The Insurance Regulatory and Development Authority of India ("IRDAI") has issued Guidelines ("Guidelines") on 19 October 2015 to further clarify "Indian Owned and Controlled" requirement for Indian insurance companies. As previously reported in our newsletters, the cap on foreign investment in Indian insurance companies ("Insurers") has been increased to 49% (from the earlier 26%) subject to them being "Indian owned and controlled, in such manner as may be prescribed". Earlier this year, the Central Government had issued1 the Indian Insurance Companies (Foreign Investment) Rules, 2015 ("Rules") to prescribe the manner of ownership and control of Insurers2 as defined under the amended (Indian) Insurance Act, 1938 ("Amended Act").
News reports suggest that the IRDAI has issued the Guidelines amid concerns that the Foreign Investment and Promotion Board is approving proposals for increase in foreign investment stake in Indian insurance companies without examining compliance with Indian "Indian owned and controlled" related issues.
I. Indian "control" related issues: an overview
The Amended Act defines "control" to include the right to appoint majority of directors or to control the management or policy decisions including contractually.
While the Rules required "ownership" and "control" to vest with resident citizens, they did not clarify the scope of "control". Accordingly, there were concerns particularly in the context of existing joint ventures as to whether "control" would extend to typical shareholders' rights (e.g., veto rights).
Accordingly, a key concern particularly from an existing investors' perspective was whether the IRDAI would consider typical minority protection/veto rights as constituting control. In light of this, the key clarifications issued by the IRDAI through the Guidelines are set out below.
II. Applicability of the Guidelines
The Guidelines apply to all insurance companies including existing insurance companies (having 26% stake) and insurance intermediaries such as brokers, third party administrators, surveyors and loss assessors3.

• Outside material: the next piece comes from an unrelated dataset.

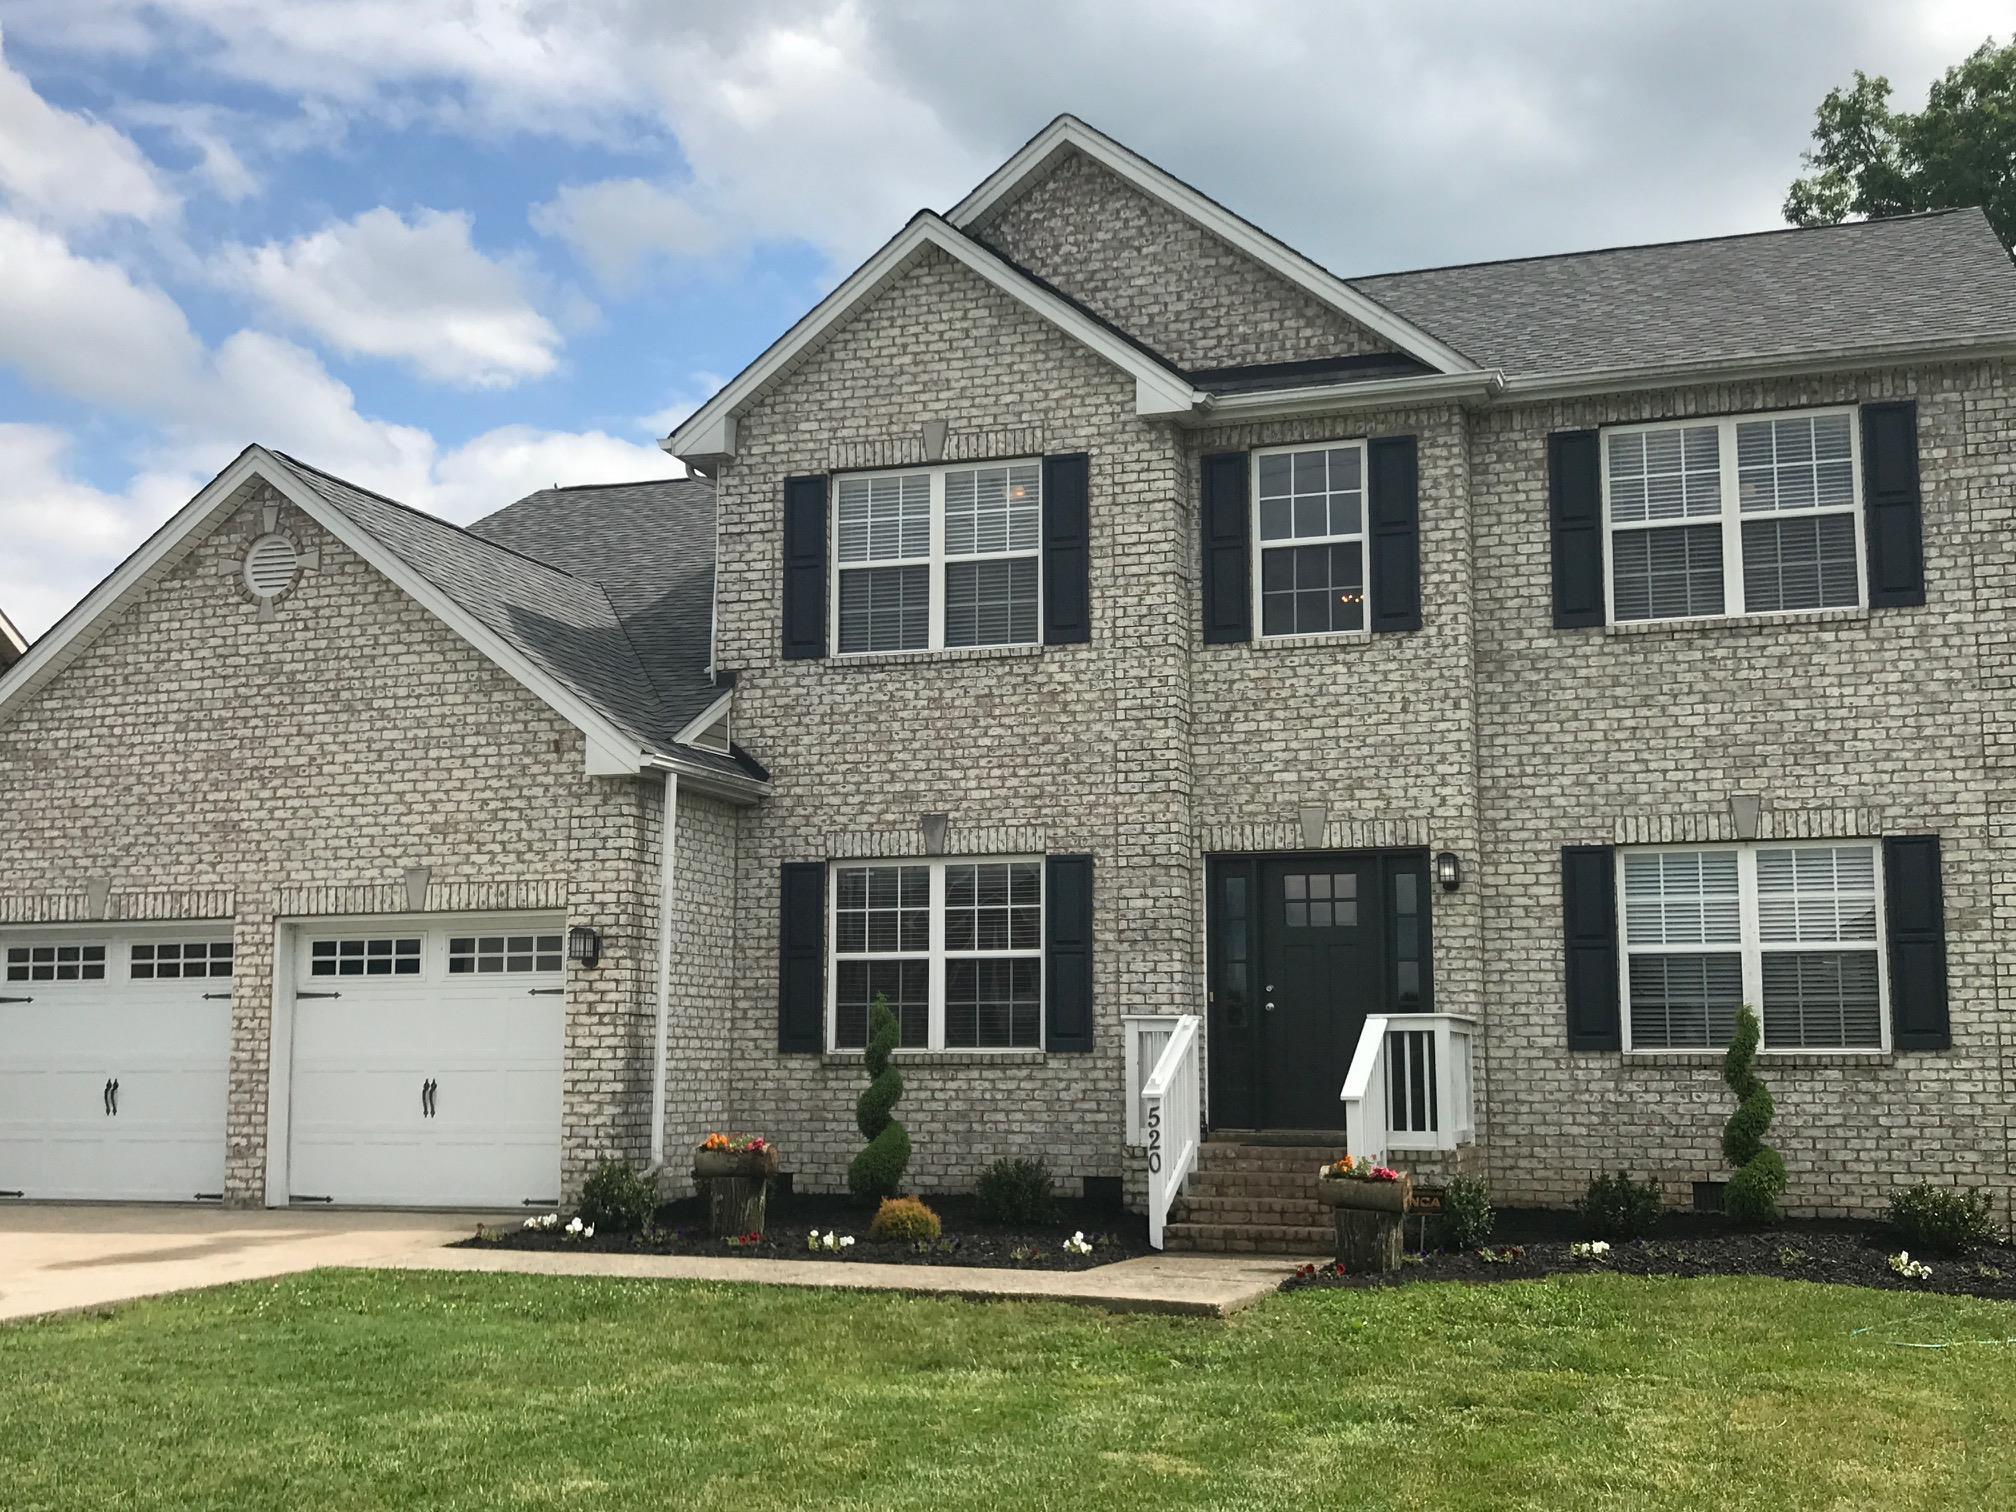 520 County Farm Rd, Murfreesboro, TN 37127 - Murfreesboro, TN real estate listing
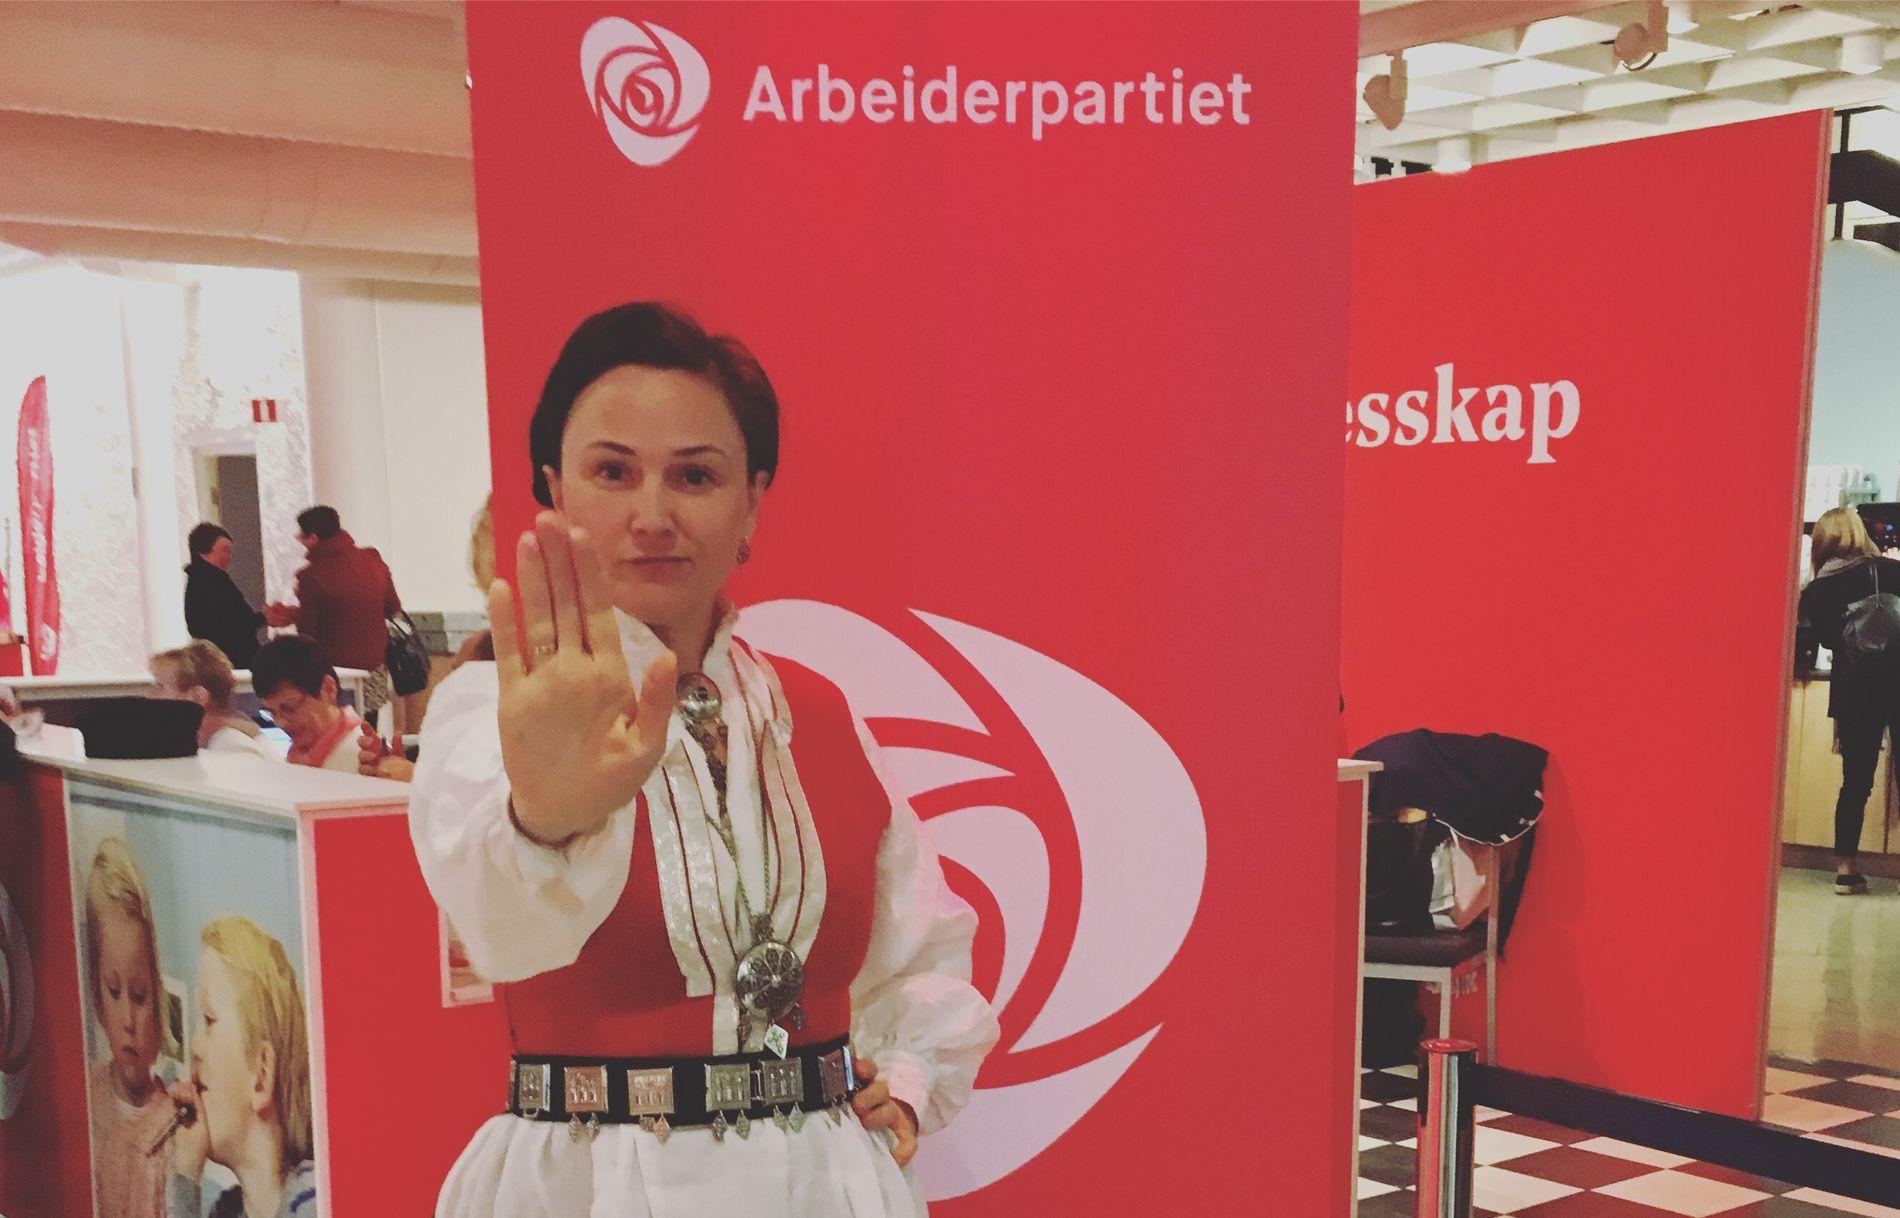 STOPP: Torsdag stilte Anja Cecilie Solvik opp i bunad på Arbeiderpartiets landsmøte i håp om å samle støtte til kampen for å stoppe nedleggingen av fødeavdelingen på sykehuset i Kristiansund.

III. Elements of "Indian control" and prior position
The Guidelines require Insurers to ensure the following:
(a) their Board of Directors ("Board") comprises a majority of non-independent directors nominated by the Indian investor;
Note: The IRDAI always applied this requirement even under the earlier regime.
(b) their key management persons (including the CEO and MD) are appointed either through the Board or by the Indian investor;
Note: The IRDAI has in the past allowed foreign investors to nominate the CEO or MD and this is a substantial right that an existing investor would cease to have. This intends to vest day to day operational control in the hands of the Indian investor.
(c) foreign investor(s) nominate key management persons subject to approval by the Board;
Note: This was not regulated under the earlier regime and effectively gives the Indian investor veto rights through majority on the Board.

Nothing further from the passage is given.